Add to this,our ability to add nutrient's to the water column, and or root tabs, at will,,,and the matter becomes more an aesthetic issue for me.
Can make a substrate just as effective as ADA product's for considerably less money.


----------



## Madhav (16 Sep 2017)

Thanks all for the replies...it seems relocating SAE is the best option. I am considering it now after watching them closely. They disturb the soil a lot making the water full of suspended debris...
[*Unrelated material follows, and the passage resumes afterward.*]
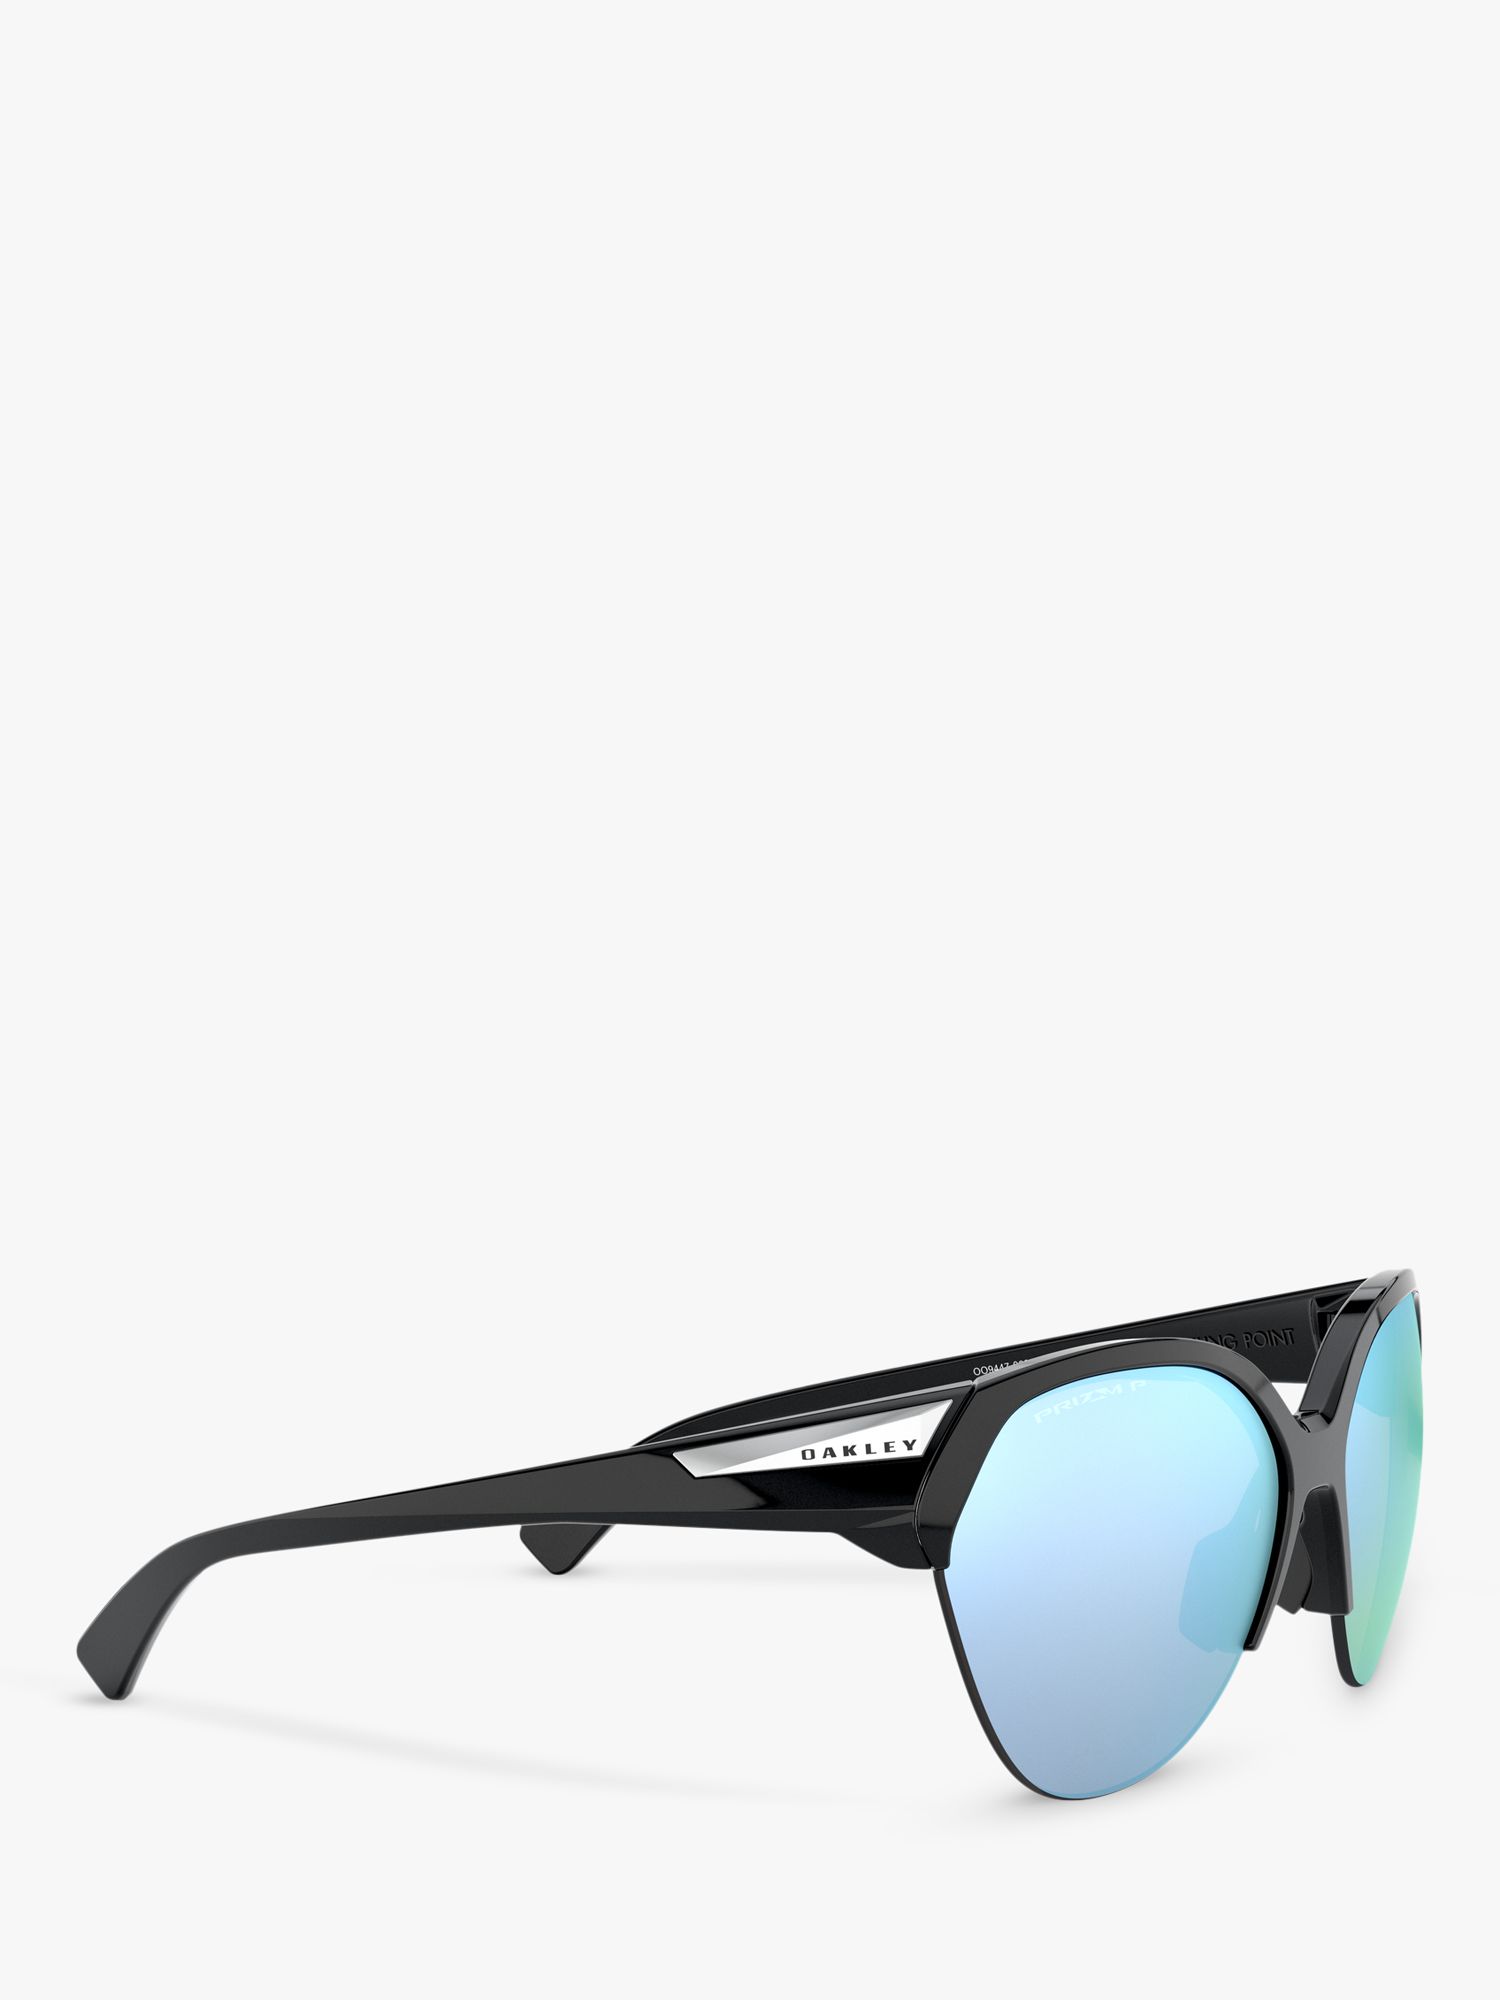 Oakley OO9447 Women's Oval Sunglasses, Black/Blue

Now the question, how to catch those quick monsters? 3 around 6" and 1 8" long

Sent from my HUAWEI GRA-UL00 using Tapatalk


----------



## AverageWhiteBloke (16 Sep 2017)

Going to be a lot easier with all the scape out first I reckon. Less places to hide and avoid the net.


----------



## Zeus. (16 Sep 2017)

I put the net in then gave up straight away, even if you drop the water level it would still be hard, Trap them I thought. So a 'Cunning Plan' came to mind

Modded my Fluval Vac with I got with my FX6 by adding a clip to weigh it down



Aglea pellet - those SAE do like them





waited till in then netted the open end. Done in 30 mins. Easy.


----------



## AverageWhiteBloke (16 Sep 2017)

That's the way to do it.


----------



## Madhav (17 Sep 2017)

Zeus. said:


> I put the net in then gave up straight away, even if you drop the water level it would still be hard, Trap them I thought. So a 'Cunning Plan' came to mind
> 
> Modded my Fluval Vac with I got with my FX6 by adding a clip to weigh it downView attachment 110215
> 
> ...


Haha cleverly done.  Thanks for the tip.
I will follow this...

Sent from my HUAWEI GRA-UL00 using Tapatalk


----------



## REDSTEVEO (19 Sep 2017)

Zeus. said:


> I put the net in then gave up straight away, even if you drop the water level it would still be hard, Trap them I thought. So a 'Cunning Plan' came to mind
> 
> Modded my Fluval Vac with I got with my FX6 by adding a clip to weigh it downView attachment 110215
> 
> ...


F£&@?£ genius idea mate


----------